Minha hipótese de que não se tratava de uma briga entre o Bem e o Mal, mas um confronto entre duas visões de mundo, uma schopenhauriana e outra nietzschiana, não parece de todo errada. Eva, a versão anciã de Martha B, de fato pode ser entendida como Ariadne e foi ela quem guiou Jonas-Adam a fim de que garantir o eterno retorno de tudo. Enquanto Adam pensava estar agindo para acabar definitivamente com os dois mundos, Eva garantia que as escolhas dele assegurassem que tudo iria acontecer de novo e de novo. No entanto, na série, podemos ver o Sem-Nome, filho de Martha e Jonas, como sendo o Minotauro, o monstro que Jonas-Adam quer destruir, mas que Ariadne-Martha-Eva escolhe salvar. Jonas-Adam seriam ao mesmo tempo Dionísio e Teseu: enquanto Dionísio, Jonas é o par perfeito de Martha; enquanto Teseu, ele a abandona. Na série, Ariadne conduz Teseu pelo labirinto, mas o engana, e embora Adam-Teseu acredite destruir o Minotauro, Eva-Ariadne cuida para que ele esteja salvo, garantindo assim que tudo aconteça como sempre aconteceu. E sendo assim, enquanto Adam-Schopenhauer recusa a dor e o sofrimento e decide botar fim à vontade/desejo que os originava (abre mão de Martha e tenta por fim ao mundo), Eva-Nietzsche aceita a dor e o sofrimento, assim como as alegrias e diz sim à vida dela e do seu filho, aceitando o eterno devir.

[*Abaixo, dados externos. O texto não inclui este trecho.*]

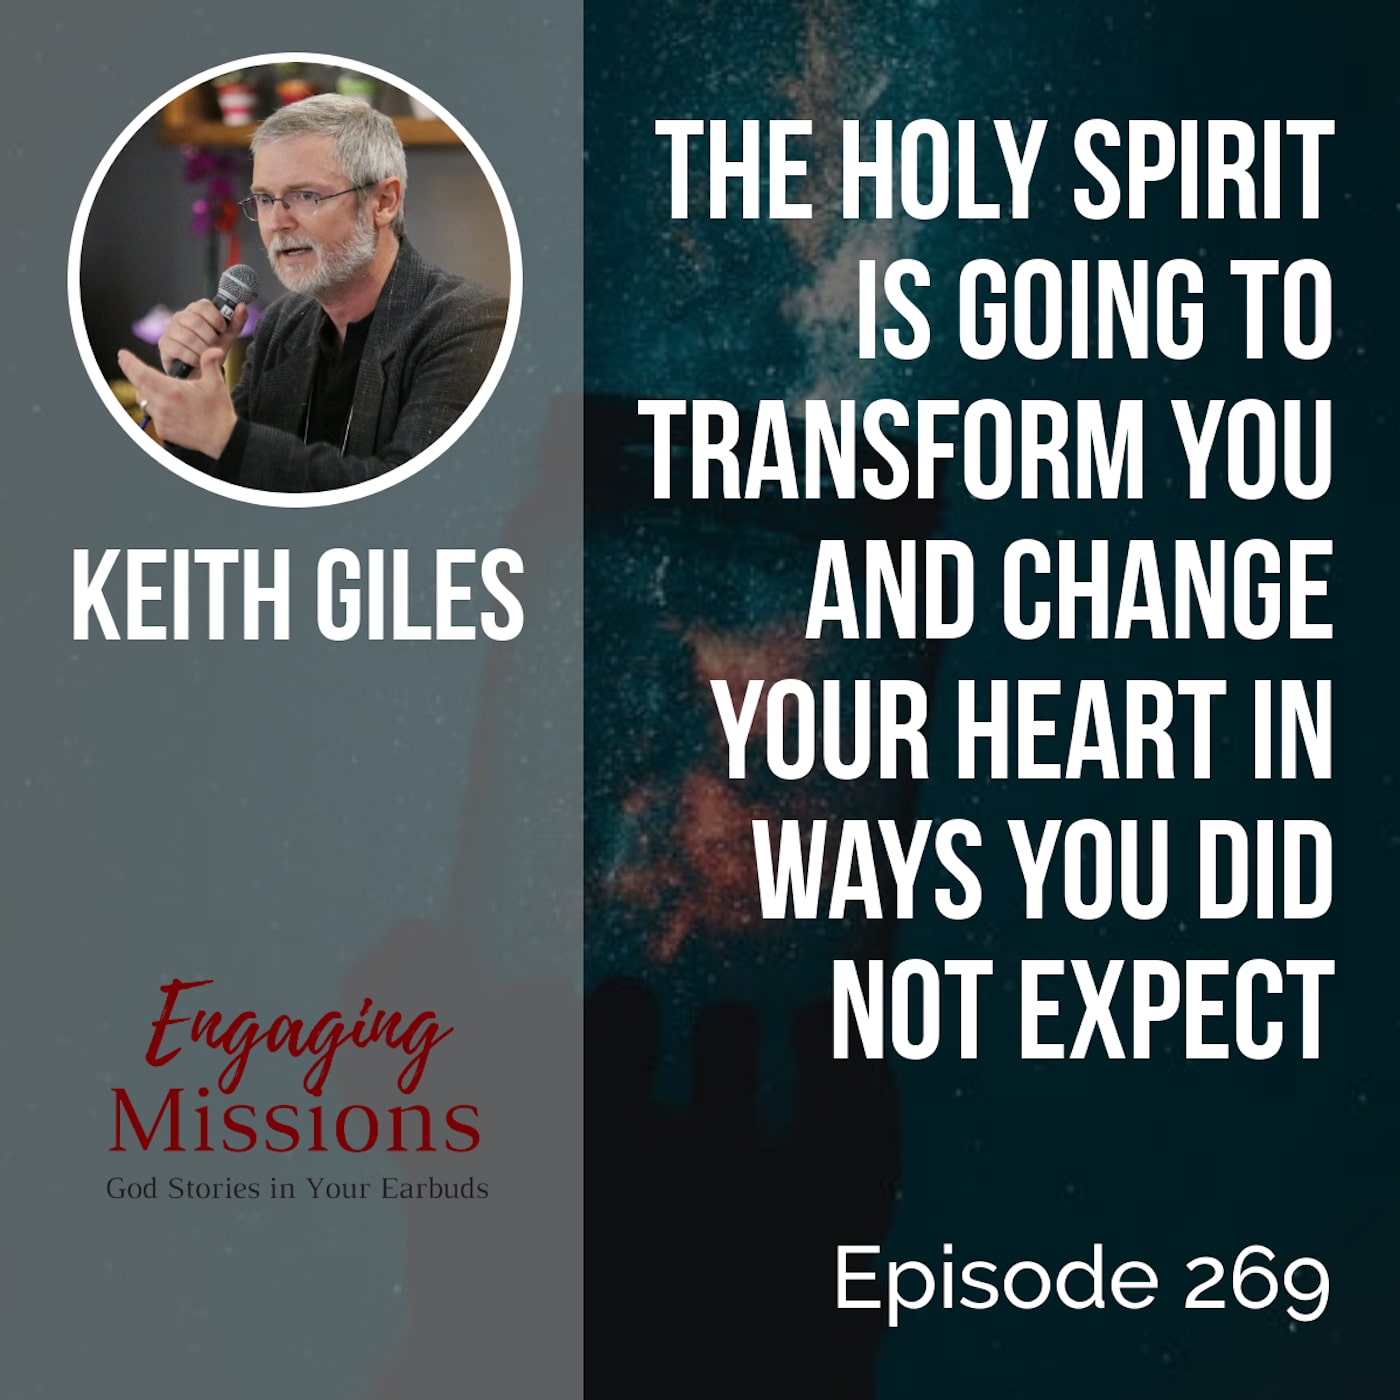 When Offerings Have a Face: How to Love the Poor, with Keith Giles – EM269
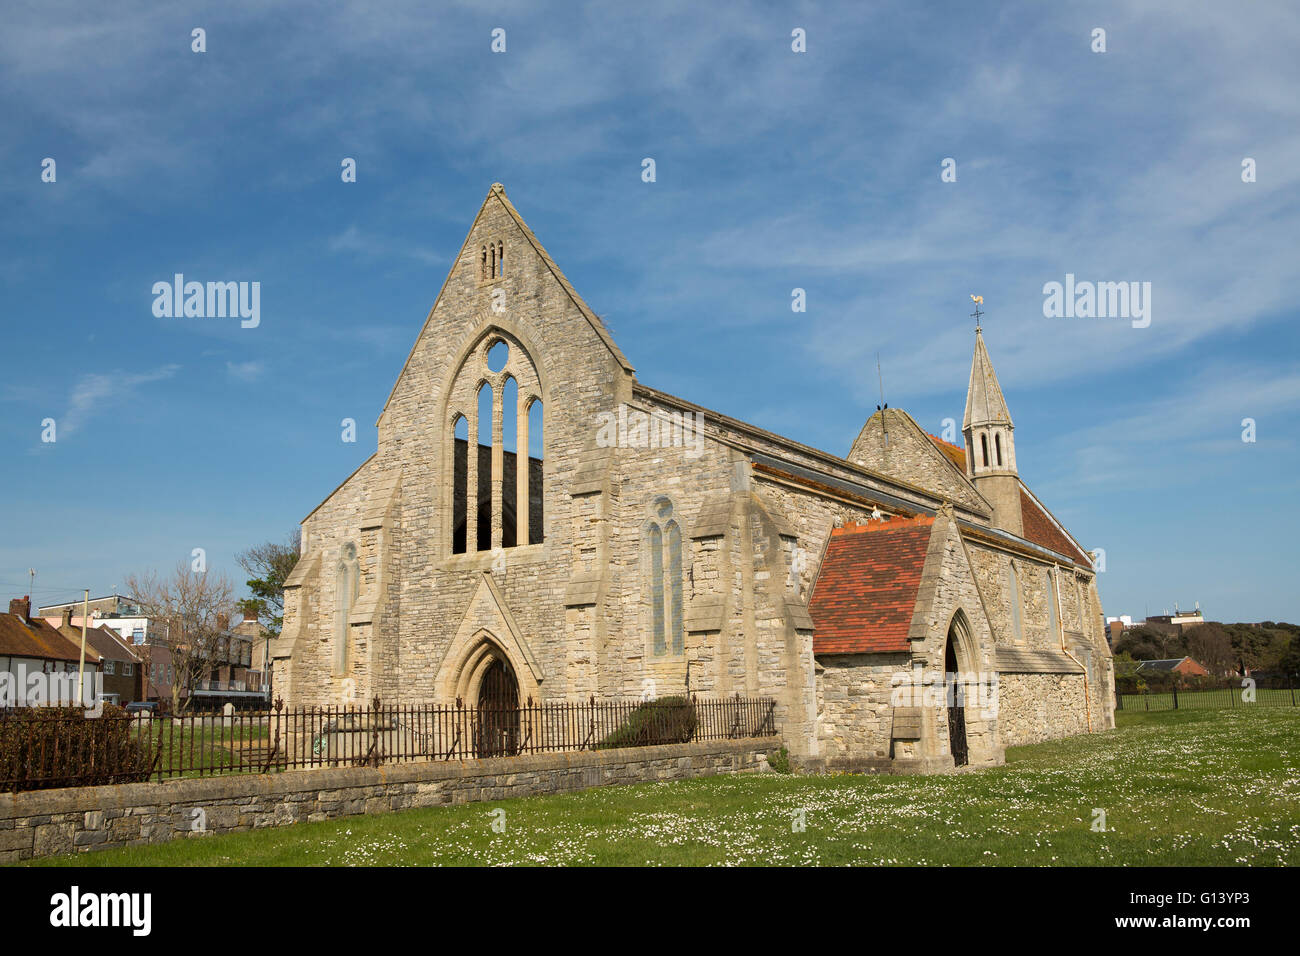 Garrison church in old Portsmouth. Damaged in WWII it still stands without a roof. Blue sky day with daisies in the grass field. Stock Photo

Para quem viu na terceira temporada de Dark a revelação de uma "história de amor", eu diria que trata-se de uma história sobre "egoísmo", do quanto cada um está apegado ao seu próprio querer, uma vez que o amor seria só uma grande ilusão, a maior de todas as peças que a 'vontade cega' prega no ser humano. No limite, não há sentido ou razão para os desejos que estão por trás das nossas ações e que, na maioria das vezes, trazem dor e sofrimento muito mais do que satisfação. Em outras palavras, nossas ações, por mais complexas que pareçam, por mais que sejam resultado de muito raciocínio e cálculo, não seriam outra coisa além do nosso esforço para realizar aquilo que queremos. Mas esse querer está, na maior parte do tempo, oculto para nós mesmos, não temos consciência dele, apenas somos movidos pelo querer ou pelo desejo. Jonas queria/desejava Martha, Hannah desejava alguém que não a abandonasse, Ulrich desejava aventuras, Claudia queria que Regina vivesse ou, talvez, Claudia queria viajar no tempo, mas se sentia culpada por ter abandonado a filha e transformou essa culpa numa motivação para seguir viajando no tempo, Eva desejava que seu filho vivesse... Num determinado momento, Jonas, tomando consciência de que seu desejo só gerava mais dor e sofrimento (“A dor é seu navio,o desejo é sua bússola.”, disse Adam na segunda temporada), abre mão desse querer, porque compreende finalmente que só assim estará livre de toda dor e de todo sofrimento.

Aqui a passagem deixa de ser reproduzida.